- **THE PROBLEM**
Produce a verbatim copy of the entries listed below.

- **INPUT**
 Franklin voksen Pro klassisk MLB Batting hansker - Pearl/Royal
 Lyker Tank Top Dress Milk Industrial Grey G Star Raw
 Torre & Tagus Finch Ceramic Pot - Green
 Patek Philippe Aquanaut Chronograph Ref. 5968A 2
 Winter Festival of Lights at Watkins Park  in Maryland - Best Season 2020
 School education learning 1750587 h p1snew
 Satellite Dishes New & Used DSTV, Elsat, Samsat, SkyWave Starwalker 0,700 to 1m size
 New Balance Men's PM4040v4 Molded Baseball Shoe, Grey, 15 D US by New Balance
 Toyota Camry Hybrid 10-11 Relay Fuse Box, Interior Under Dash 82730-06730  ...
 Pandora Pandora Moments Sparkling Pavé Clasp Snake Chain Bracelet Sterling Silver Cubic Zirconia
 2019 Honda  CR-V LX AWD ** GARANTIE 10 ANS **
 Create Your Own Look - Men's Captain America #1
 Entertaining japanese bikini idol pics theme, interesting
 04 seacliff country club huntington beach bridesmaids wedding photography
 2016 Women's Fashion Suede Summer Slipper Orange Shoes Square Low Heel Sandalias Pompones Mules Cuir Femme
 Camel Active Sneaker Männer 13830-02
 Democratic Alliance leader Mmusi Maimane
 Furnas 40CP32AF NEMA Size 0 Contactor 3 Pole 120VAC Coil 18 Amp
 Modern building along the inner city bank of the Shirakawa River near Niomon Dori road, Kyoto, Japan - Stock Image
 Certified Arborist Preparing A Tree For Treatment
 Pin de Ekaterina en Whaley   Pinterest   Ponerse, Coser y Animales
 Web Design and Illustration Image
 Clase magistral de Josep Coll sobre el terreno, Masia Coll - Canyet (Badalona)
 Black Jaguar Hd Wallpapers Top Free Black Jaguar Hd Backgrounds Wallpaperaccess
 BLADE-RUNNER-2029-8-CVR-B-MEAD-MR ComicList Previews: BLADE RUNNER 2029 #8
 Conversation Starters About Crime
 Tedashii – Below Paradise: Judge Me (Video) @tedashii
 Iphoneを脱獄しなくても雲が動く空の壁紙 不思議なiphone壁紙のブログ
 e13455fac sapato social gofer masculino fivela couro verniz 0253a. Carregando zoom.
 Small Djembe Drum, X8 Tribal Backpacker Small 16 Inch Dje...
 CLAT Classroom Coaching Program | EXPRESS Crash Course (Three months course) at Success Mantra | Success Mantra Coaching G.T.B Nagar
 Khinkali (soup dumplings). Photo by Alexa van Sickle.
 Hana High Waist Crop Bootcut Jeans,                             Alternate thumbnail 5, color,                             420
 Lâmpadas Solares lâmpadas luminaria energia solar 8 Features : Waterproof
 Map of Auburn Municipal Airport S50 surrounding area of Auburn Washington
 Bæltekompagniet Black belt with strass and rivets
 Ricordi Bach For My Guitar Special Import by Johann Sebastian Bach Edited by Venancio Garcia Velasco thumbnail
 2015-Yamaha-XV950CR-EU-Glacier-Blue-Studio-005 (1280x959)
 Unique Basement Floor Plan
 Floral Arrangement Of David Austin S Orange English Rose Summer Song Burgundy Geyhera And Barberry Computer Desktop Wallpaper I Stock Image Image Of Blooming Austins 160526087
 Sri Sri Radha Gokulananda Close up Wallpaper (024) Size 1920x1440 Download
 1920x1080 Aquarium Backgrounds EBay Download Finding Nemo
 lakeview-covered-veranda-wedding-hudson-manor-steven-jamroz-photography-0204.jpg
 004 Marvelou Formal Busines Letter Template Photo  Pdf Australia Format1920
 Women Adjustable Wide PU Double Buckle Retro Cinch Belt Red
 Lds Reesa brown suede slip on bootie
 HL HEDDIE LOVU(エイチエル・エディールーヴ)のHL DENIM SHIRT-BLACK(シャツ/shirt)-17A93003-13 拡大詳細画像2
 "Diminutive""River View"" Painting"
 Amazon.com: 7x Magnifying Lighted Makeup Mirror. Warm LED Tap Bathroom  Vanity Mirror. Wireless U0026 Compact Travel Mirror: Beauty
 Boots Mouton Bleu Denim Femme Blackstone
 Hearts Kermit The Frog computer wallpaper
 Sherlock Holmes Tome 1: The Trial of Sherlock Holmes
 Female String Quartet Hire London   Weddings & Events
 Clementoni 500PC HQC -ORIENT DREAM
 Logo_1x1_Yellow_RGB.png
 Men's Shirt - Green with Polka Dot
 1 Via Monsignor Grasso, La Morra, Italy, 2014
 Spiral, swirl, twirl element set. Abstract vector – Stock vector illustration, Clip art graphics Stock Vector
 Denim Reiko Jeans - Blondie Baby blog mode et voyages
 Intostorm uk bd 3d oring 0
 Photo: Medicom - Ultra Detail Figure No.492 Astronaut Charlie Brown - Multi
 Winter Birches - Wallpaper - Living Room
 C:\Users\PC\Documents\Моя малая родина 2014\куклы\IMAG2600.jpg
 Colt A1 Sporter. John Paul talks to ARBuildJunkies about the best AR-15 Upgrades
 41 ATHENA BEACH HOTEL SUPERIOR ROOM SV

- **RESULT**
 Franklin voksen Pro klassisk MLB Batting hansker - Pearl/Royal
 Lyker Tank Top Dress Milk Industrial Grey G Star Raw
 Torre & Tagus Finch Ceramic Pot - Green
 Patek Philippe Aquanaut Chronograph Ref. 5968A 2
 Winter Festival of Lights at Watkins Park  in Maryland - Best Season 2020
 School education learning 1750587 h p1snew
 Satellite Dishes New & Used DSTV, Elsat, Samsat, SkyWave Starwalker 0,700 to 1m size
 New Balance Men's PM4040v4 Molded Baseball Shoe, Grey, 15 D US by New Balance
 Toyota Camry Hybrid 10-11 Relay Fuse Box, Interior Under Dash 82730-06730  ...
 Pandora Pandora Moments Sparkling Pavé Clasp Snake Chain Bracelet Sterling Silver Cubic Zirconia
 2019 Honda  CR-V LX AWD ** GARANTIE 10 ANS **
 Create Your Own Look - Men's Captain America #1
 Entertaining japanese bikini idol pics theme, interesting
 04 seacliff country club huntington beach bridesmaids wedding photography
 2016 Women's Fashion Suede Summer Slipper Orange Shoes Square Low Heel Sandalias Pompones Mules Cuir Femme
 Camel Active Sneaker Männer 13830-02
 Democratic Alliance leader Mmusi Maimane
 Furnas 40CP32AF NEMA Size 0 Contactor 3 Pole 120VAC Coil 18 Amp
 Modern building along the inner city bank of the Shirakawa River near Niomon Dori road, Kyoto, Japan - Stock Image
 Certified Arborist Preparing A Tree For Treatment
 Pin de Ekaterina en Whaley   Pinterest   Ponerse, Coser y Animales
 Web Design and Illustration Image
 Clase magistral de Josep Coll sobre el terreno, Masia Coll - Canyet (Badalona)
 Black Jaguar Hd Wallpapers Top Free Black Jaguar Hd Backgrounds Wallpaperaccess
 BLADE-RUNNER-2029-8-CVR-B-MEAD-MR ComicList Previews: BLADE RUNNER 2029 #8
 Conversation Starters About Crime
 Tedashii – Below Paradise: Judge Me (Video) @tedashii
 Iphoneを脱獄しなくても雲が動く空の壁紙 不思議なiphone壁紙のブログ
 e13455fac sapato social gofer masculino fivela couro verniz 0253a. Carregando zoom.
 Small Djembe Drum, X8 Tribal Backpacker Small 16 Inch Dje...
 CLAT Classroom Coaching Program | EXPRESS Crash Course (Three months course) at Success Mantra | Success Mantra Coaching G.T.B Nagar
 Khinkali (soup dumplings). Photo by Alexa van Sickle.
 Hana High Waist Crop Bootcut Jeans,                             Alternate thumbnail 5, color,                             420
 Lâmpadas Solares lâmpadas luminaria energia solar 8 Features : Waterproof
 Map of Auburn Municipal Airport S50 surrounding area of Auburn Washington
 Bæltekompagniet Black belt with strass and rivets
 Ricordi Bach For My Guitar Special Import by Johann Sebastian Bach Edited by Venancio Garcia Velasco thumbnail
 2015-Yamaha-XV950CR-EU-Glacier-Blue-Studio-005 (1280x959)
 Unique Basement Floor Plan
 Floral Arrangement Of David Austin S Orange English Rose Summer Song Burgundy Geyhera And Barberry Computer Desktop Wallpaper I Stock Image Image Of Blooming Austins 160526087
 Sri Sri Radha Gokulananda Close up Wallpaper (024) Size 1920x1440 Download
 1920x1080 Aquarium Backgrounds EBay Download Finding Nemo
 lakeview-covered-veranda-wedding-hudson-manor-steven-jamroz-photography-0204.jpg
 004 Marvelou Formal Busines Letter Template Photo  Pdf Australia Format1920
 Women Adjustable Wide PU Double Buckle Retro Cinch Belt Red
 Lds Reesa brown suede slip on bootie
 HL HEDDIE LOVU(エイチエル・エディールーヴ)のHL DENIM SHIRT-BLACK(シャツ/shirt)-17A93003-13 拡大詳細画像2
 "Diminutive""River View"" Painting"
 Amazon.com: 7x Magnifying Lighted Makeup Mirror. Warm LED Tap Bathroom  Vanity Mirror. Wireless U0026 Compact Travel Mirror: Beauty
 Boots Mouton Bleu Denim Femme Blackstone
 Hearts Kermit The Frog computer wallpaper
 Sherlock Holmes Tome 1: The Trial of Sherlock Holmes
 Female String Quartet Hire London   Weddings & Events
 Clementoni 500PC HQC -ORIENT DREAM
 Logo_1x1_Yellow_RGB.png
 Men's Shirt - Green with Polka Dot
 1 Via Monsignor Grasso, La Morra, Italy, 2014
 Spiral, swirl, twirl element set. Abstract vector – Stock vector illustration, Clip art graphics Stock Vector
 Denim Reiko Jeans - Blondie Baby blog mode et voyages
 Intostorm uk bd 3d oring 0
 Photo: Medicom - Ultra Detail Figure No.492 Astronaut Charlie Brown - Multi
 Winter Birches - Wallpaper - Living Room
 C:\Users\PC\Documents\Моя малая родина 2014\куклы\IMAG2600.jpg
 Colt A1 Sporter. John Paul talks to ARBuildJunkies about the best AR-15 Upgrades
 41 ATHENA BEACH HOTEL SUPERIOR ROOM SV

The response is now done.